Dassault Systèmes [1] through its SIMULIA* brand, is creating a new paradigm to establish Finite Element Analysis and mulitphysics simulation software as an integral business process in the engineering value chain. More information about SIMULIA can be found here [2].
The Abaqus* Unified Finite Elements Analysis product suite, from Dassault Systèmes* SIMULIA, offers powerful and complete solutions for both routine and sophisticated engineering problems covering a vast spectrum of industrial applications in Automotive, Aerospace, Consumer Packaged Goods, Energy, High Tech, Industrial Equipment and Life Sciences. As an example, automotive industry engineering work groups are able to consider full vehicle loads, dynamic vibration, multibody systems, impact/crash, nonlinear static, thermal coupling, and acoustic-structural coupling using a common model data structure and integrated solver technology.
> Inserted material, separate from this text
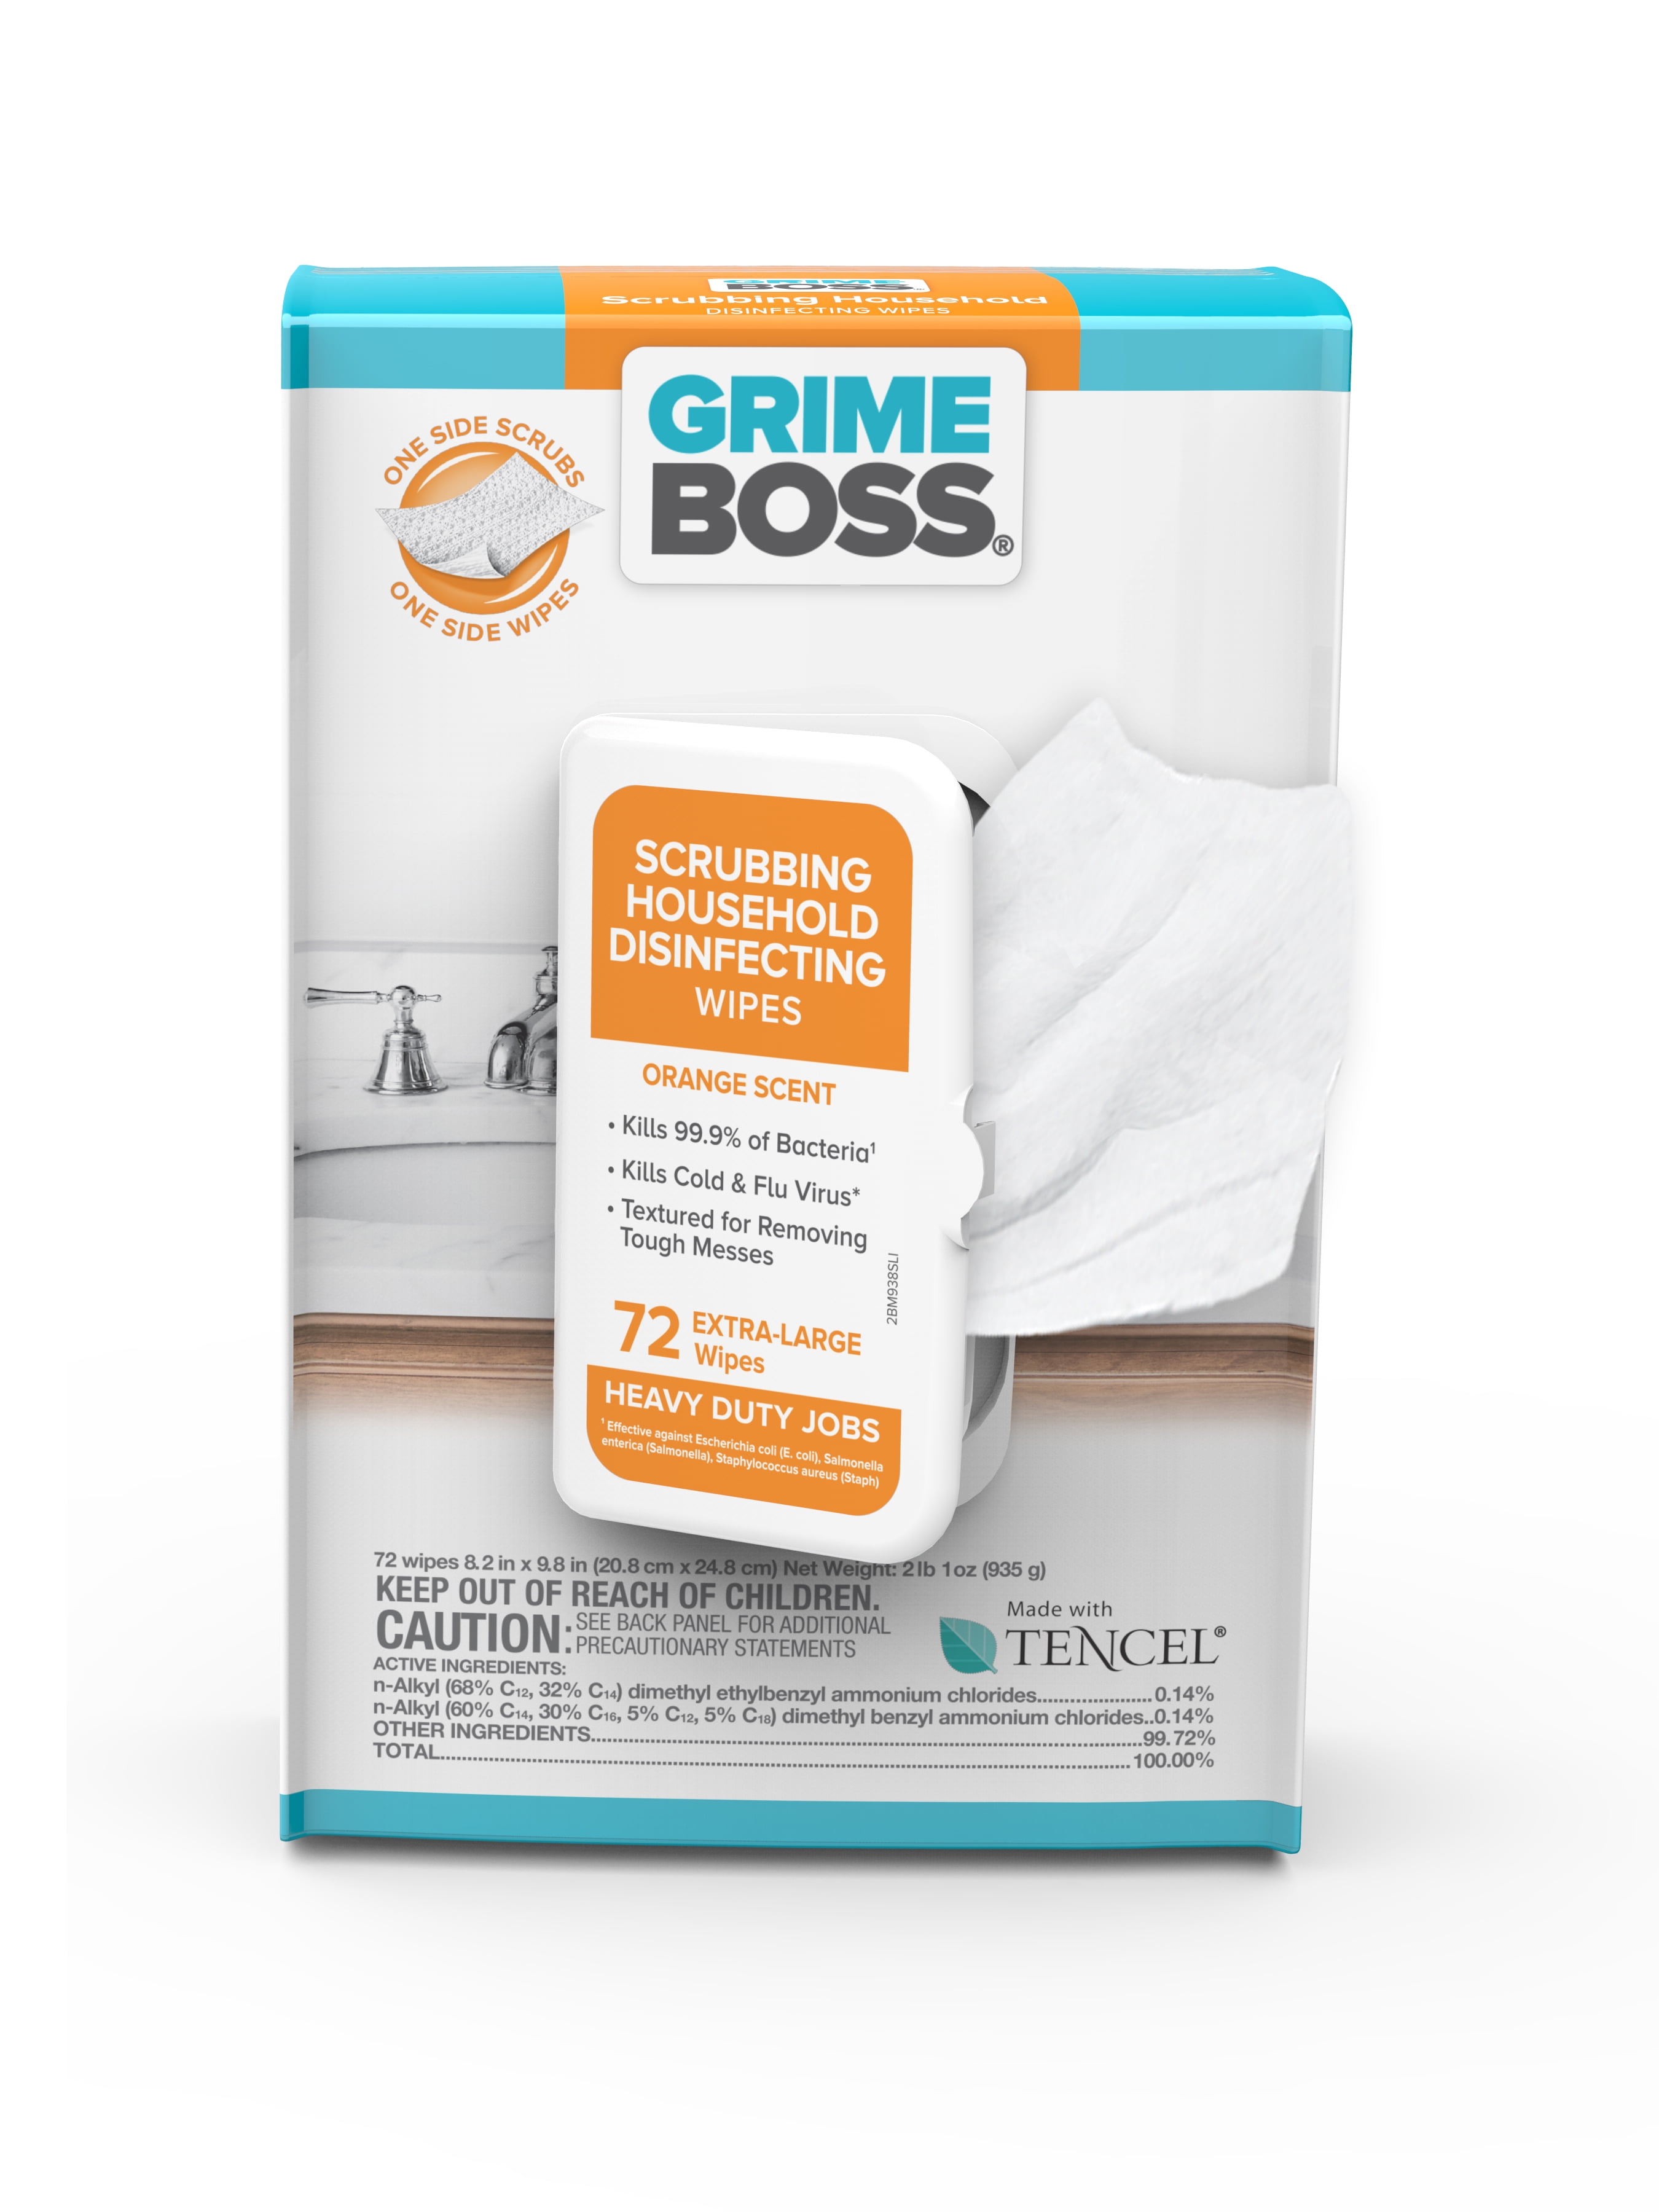 GRIME BOSS Orange Scent Scrubbing Household Disinfecting Wipes, 72 count

What is Finite Element Analysis (FEA)?
FEA is a computerized method of simulating the behavior of engineering structures and components under a variety of conditions. It is the application of the Finite Element method (FEM)[3] [8]. It works by breaking down an object into a large number of finite elements and each element is represented by an equation. By integrating all the element’s equations, the whole object can be mathematical modeled.
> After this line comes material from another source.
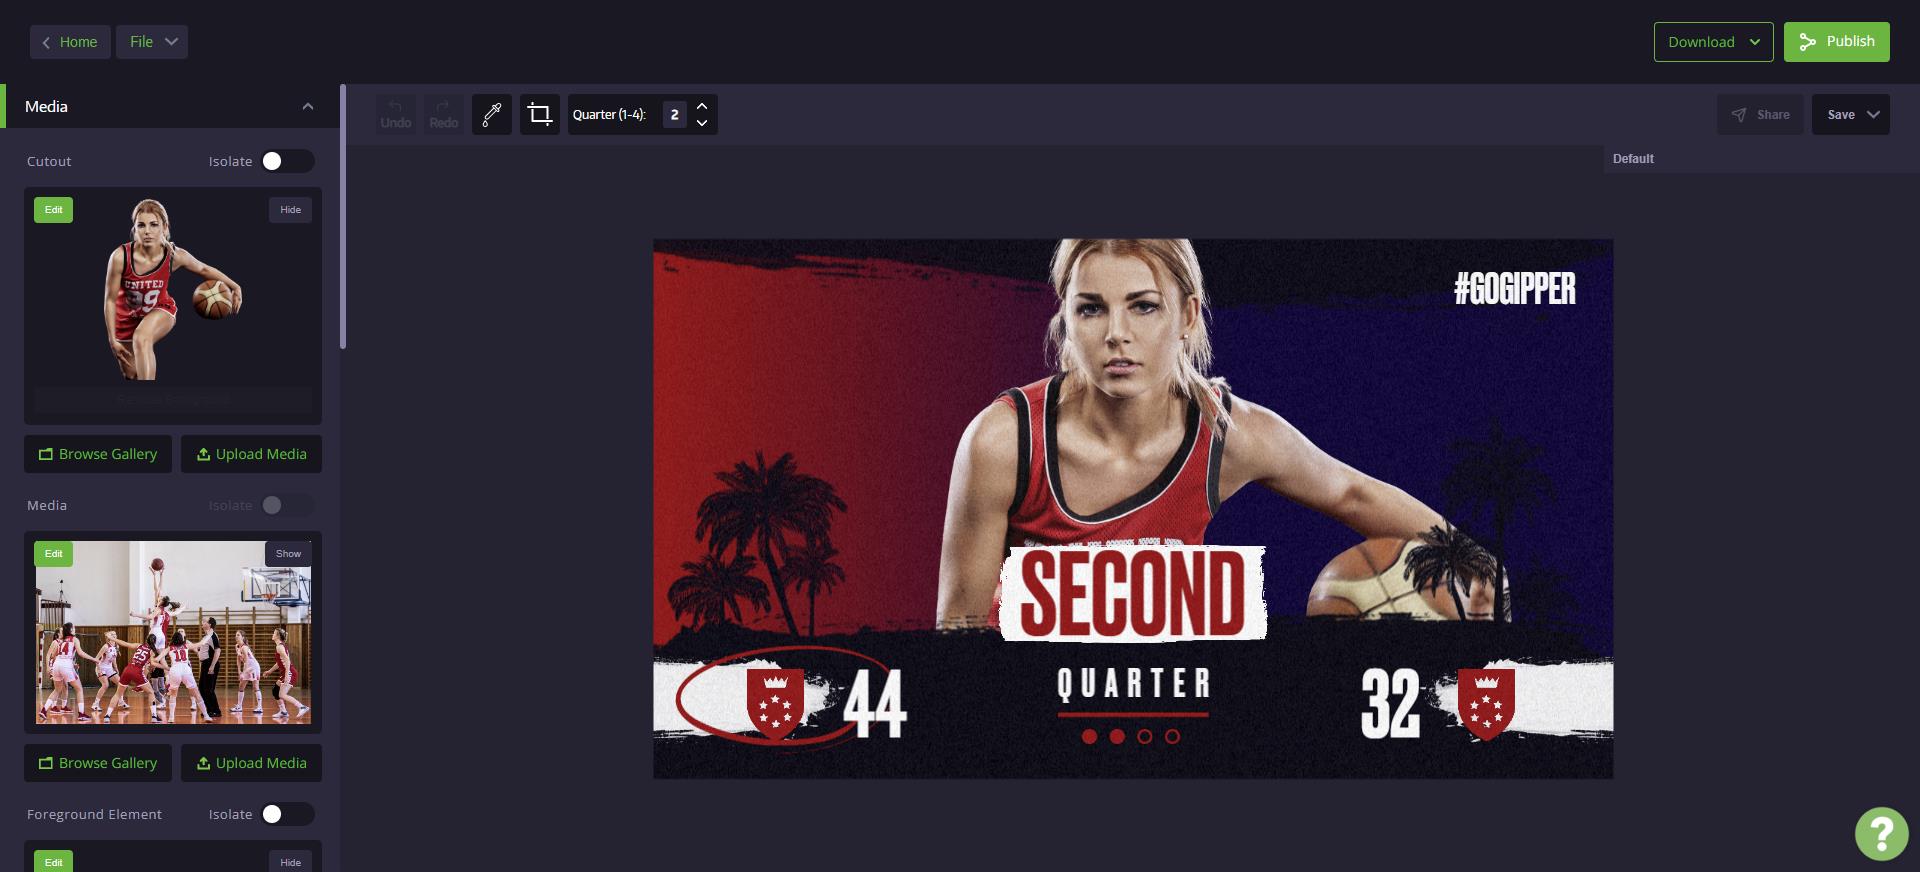 template editor showing scoreboard graphic where user can change color, text, and images to match their branding

How Abaqus/Standard take advantage of Intel® AVX2
Abaqus/Standard is general purpose FEA. It includes many analysis capabilities. According to Dassault Systèmes web site, it “employs solution technology ideal for static and low-speed dynamic events where highly accurate stress solutions are critically important. Examples include sealing pressure in a gasket joint, steady-state rolling of a tire, or crack propagation in a composite airplane fuselage. Within a single simulation, it is possible to analyze a model both in the time and frequency domain. For example, one may start by performing a nonlinear engine cover mounting analysis including sophisticated gasket mechanics. Following the mounting analysis, the pre-stressed natural frequencies of the cover can be extracted, or the frequency domain mechanical and acoustic response of the pre-stressed cover to engine induced vibrations can be examined.” More information about Abaqus/Standard can be found at [9].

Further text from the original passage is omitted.